Skip the pictures and give back the rest of the listing exactly.

Information shown below:

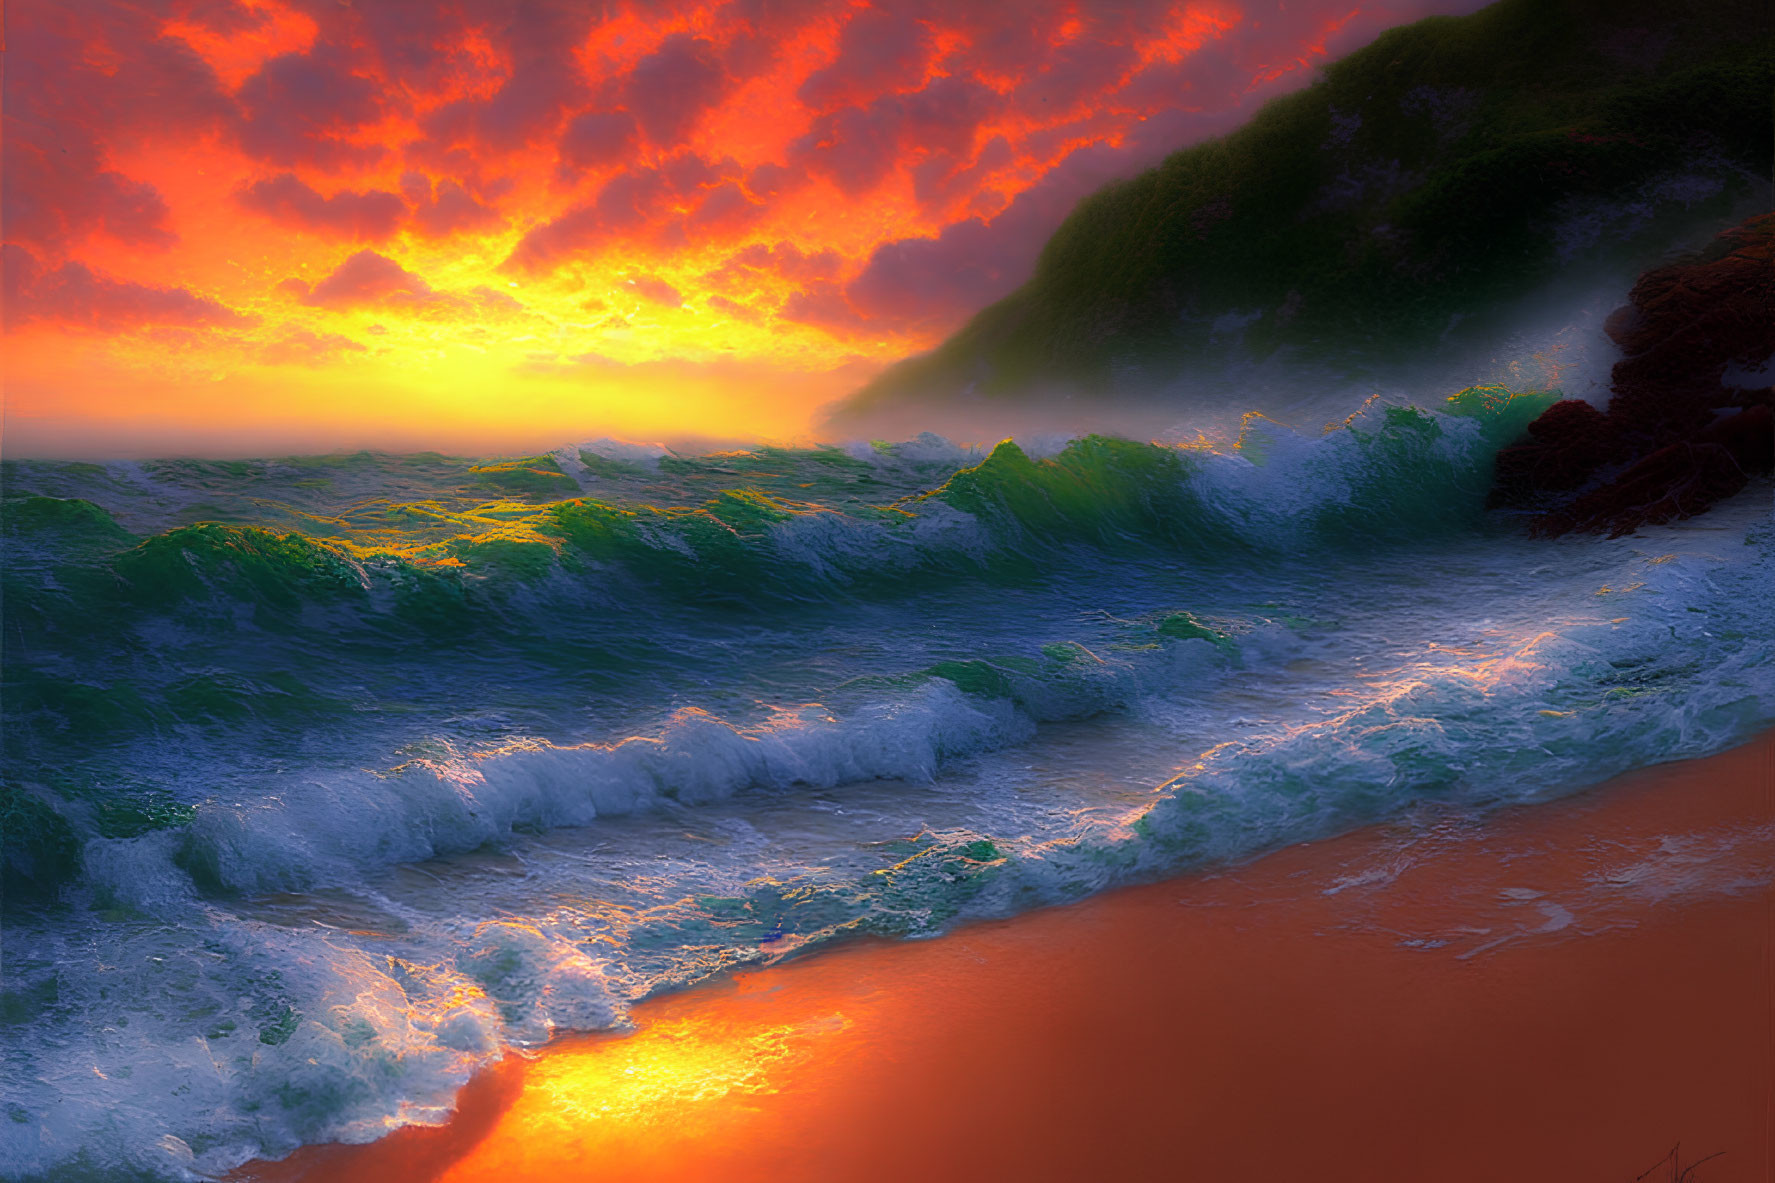 Fiery sunset over green waves on sandy beach
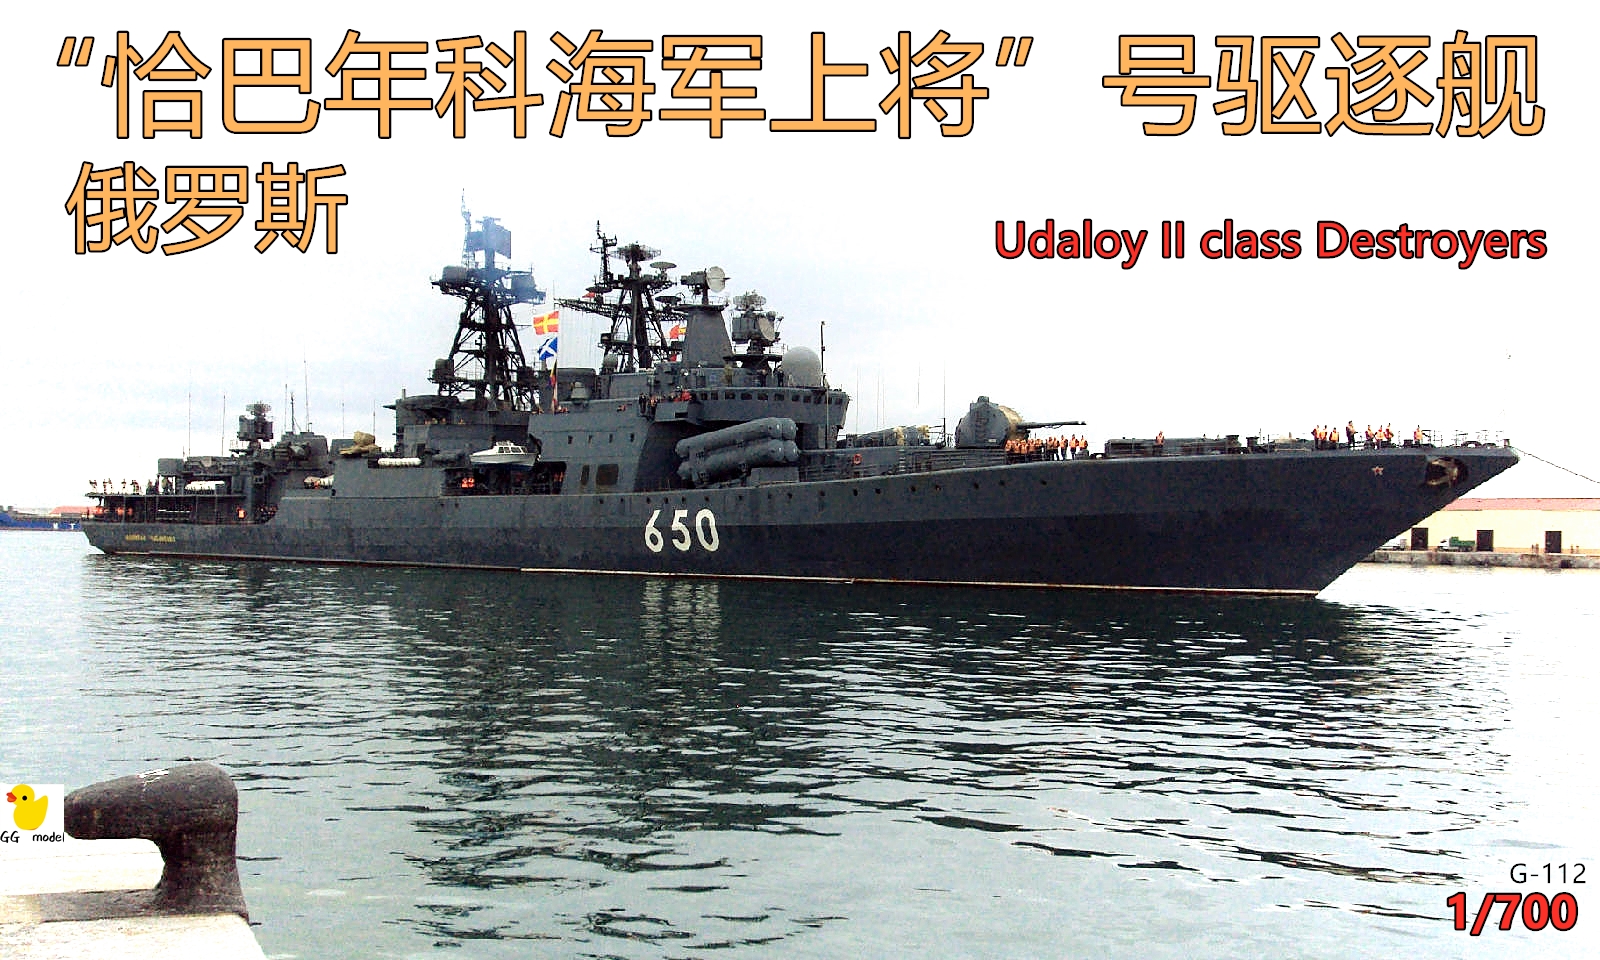 G-112俄罗斯1/700 “恰巴年科上将”无畏2级驱逐舰勇敢2树脂船模
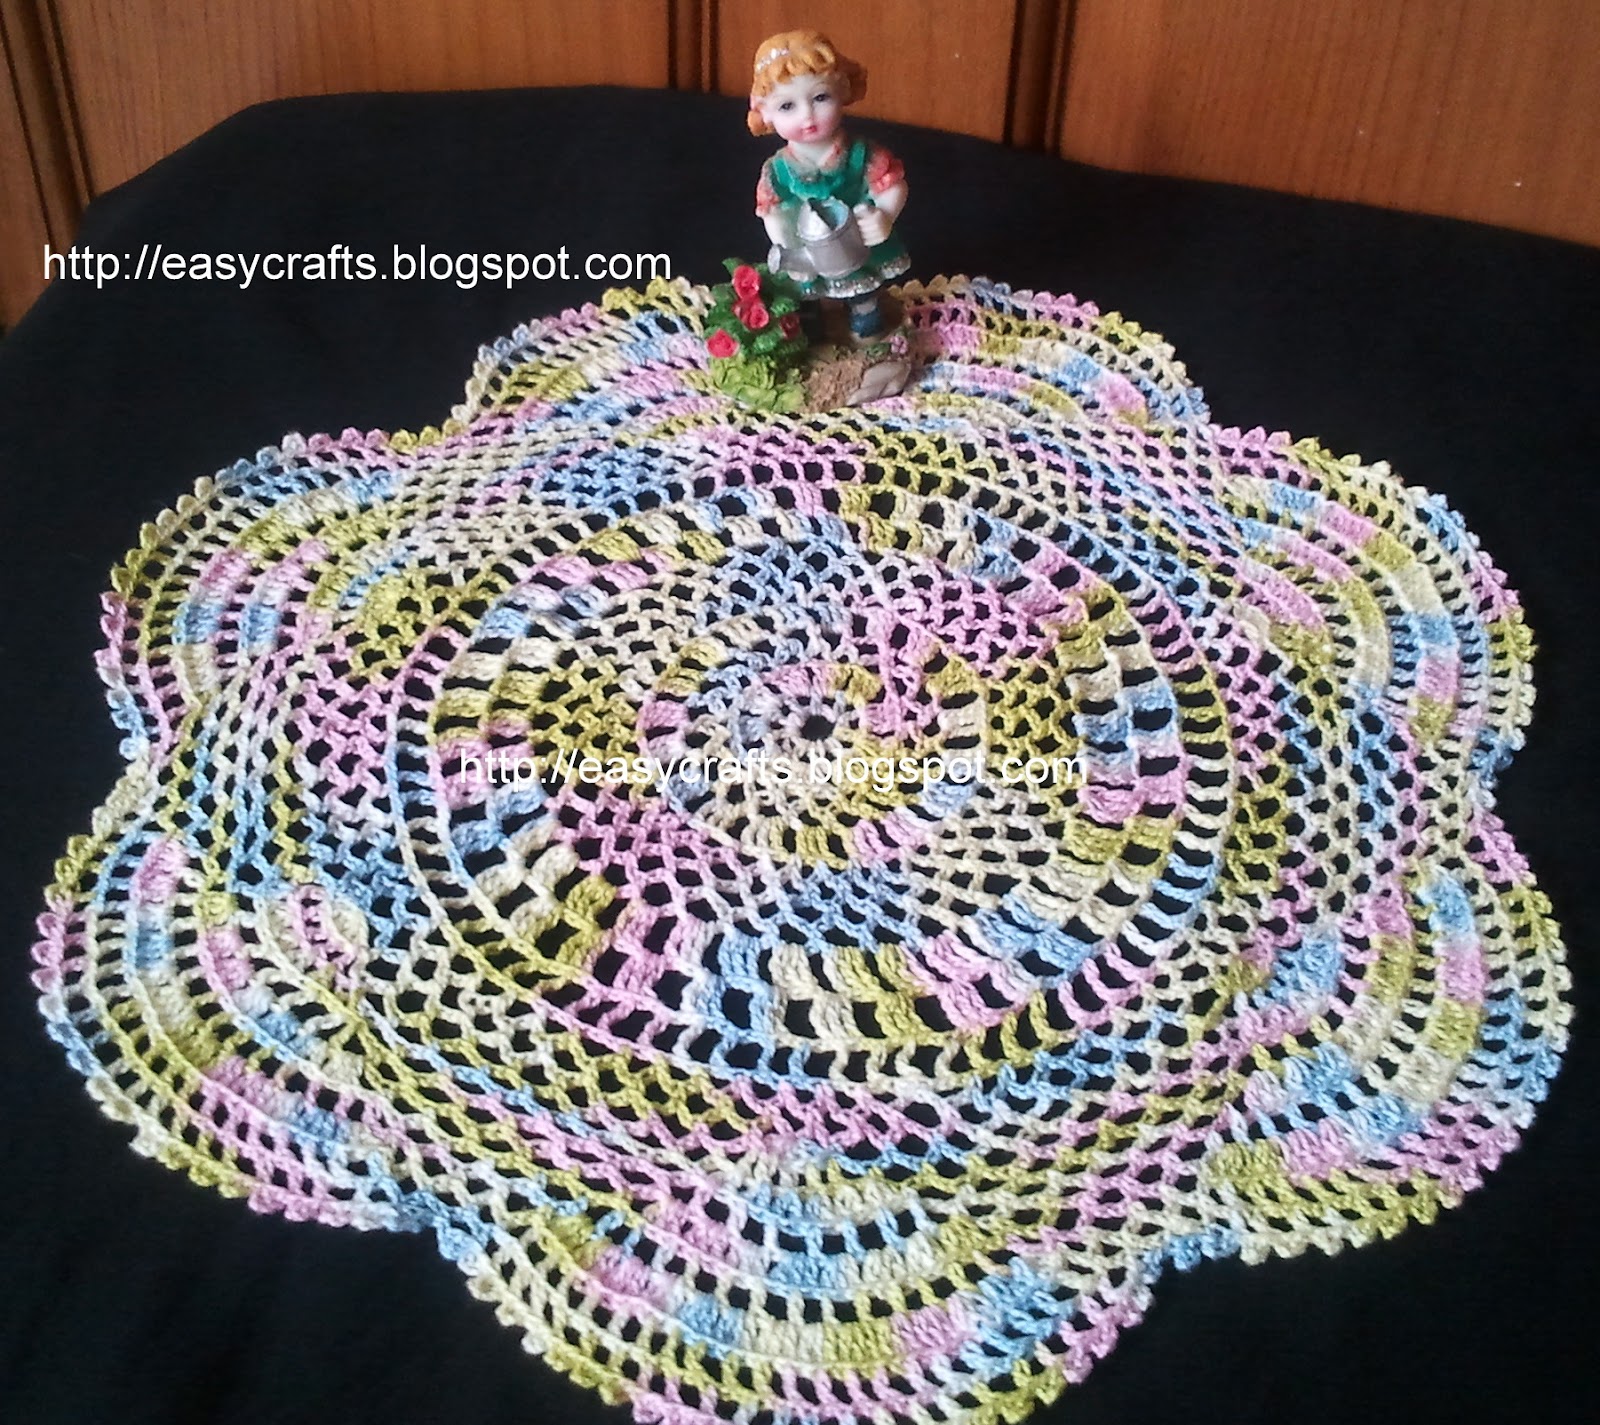 easy-crafts-explore-your-creativity-multi-colour-crochet-doily
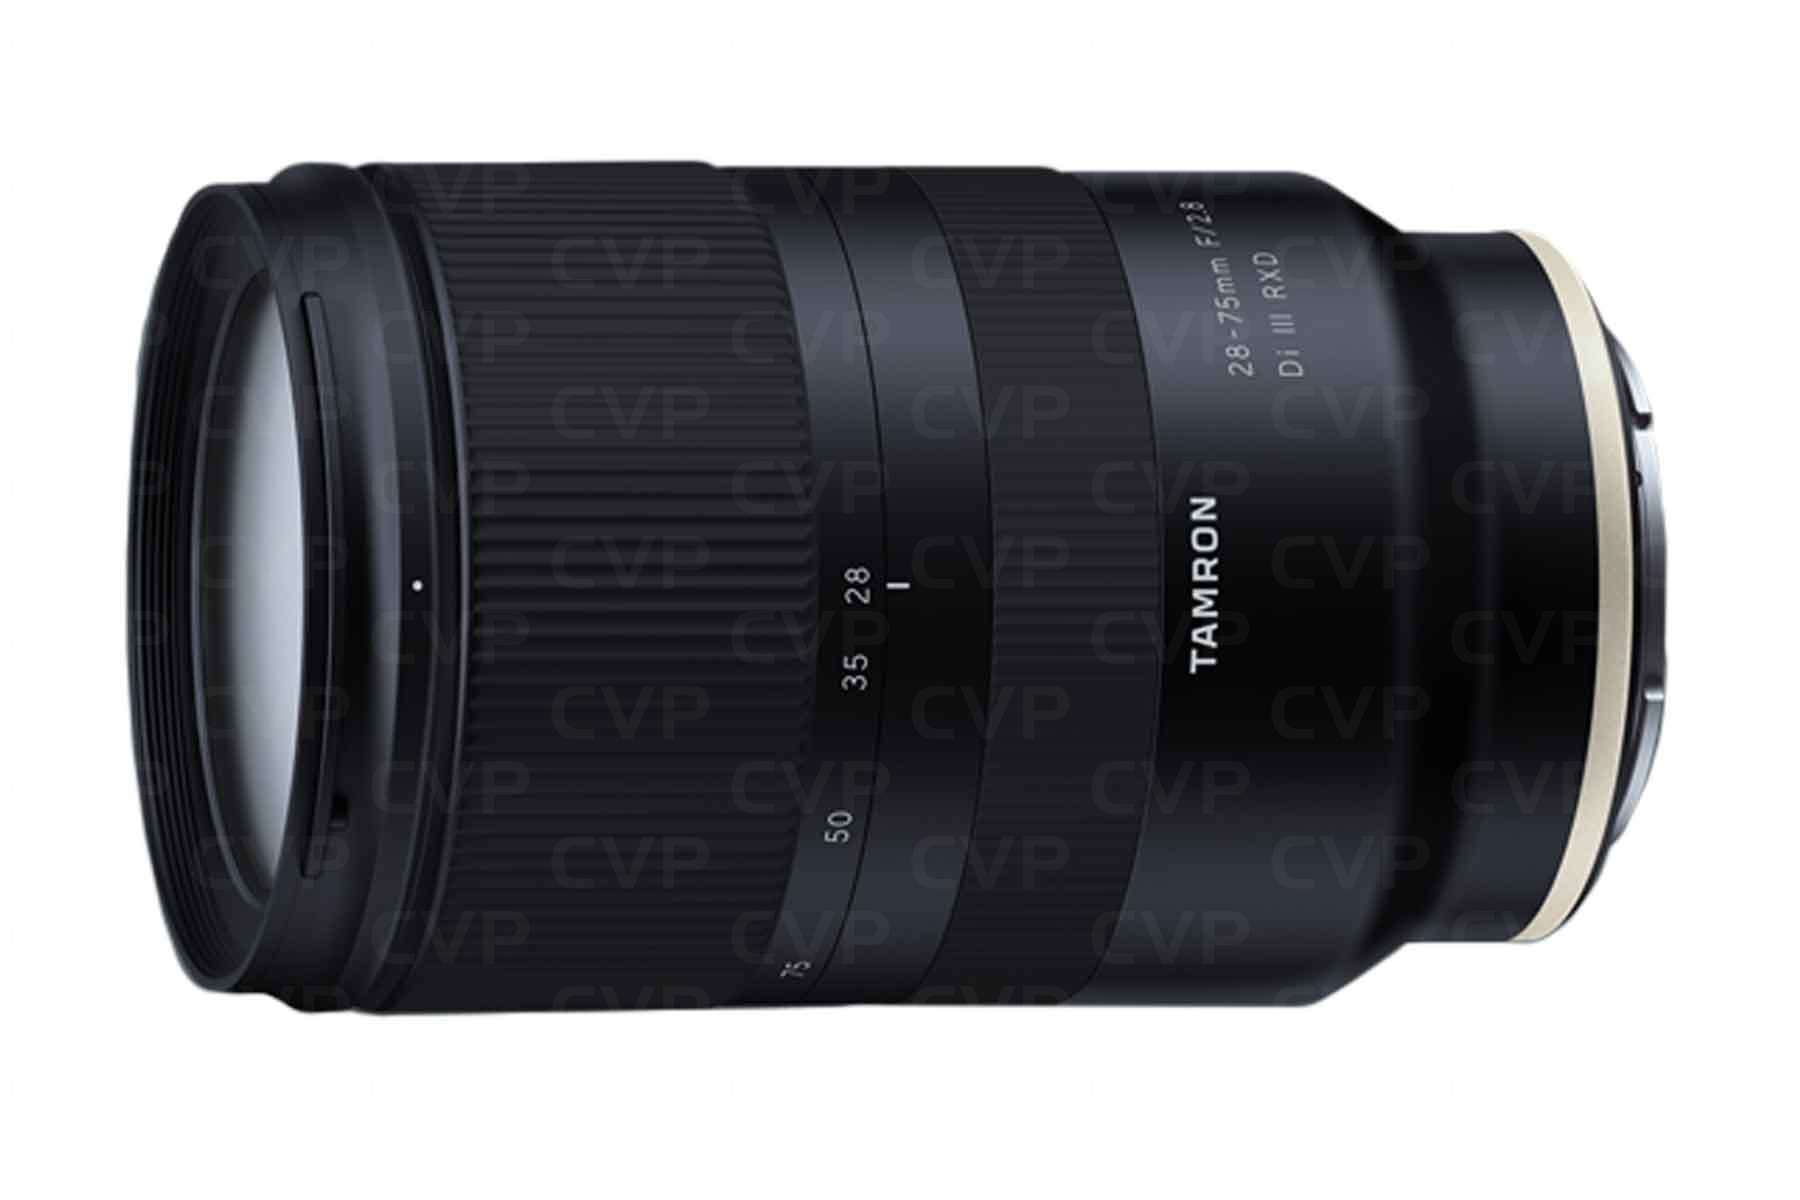 Buy - Tamron 28-75mm F/2.8 Di III RXD Lens - Sony E Mount (5432)

End of Information shown.

## Result of the task
 Fiery sunset over green waves on sandy beach
 G-112俄罗斯1/700 “恰巴年科上将”无畏2级驱逐舰勇敢2树脂船模
 easy-crafts-explore-your-creativity-multi-colour-crochet-doily
 Buy - Tamron 28-75mm F/2.8 Di III RXD Lens - Sony E Mount (5432)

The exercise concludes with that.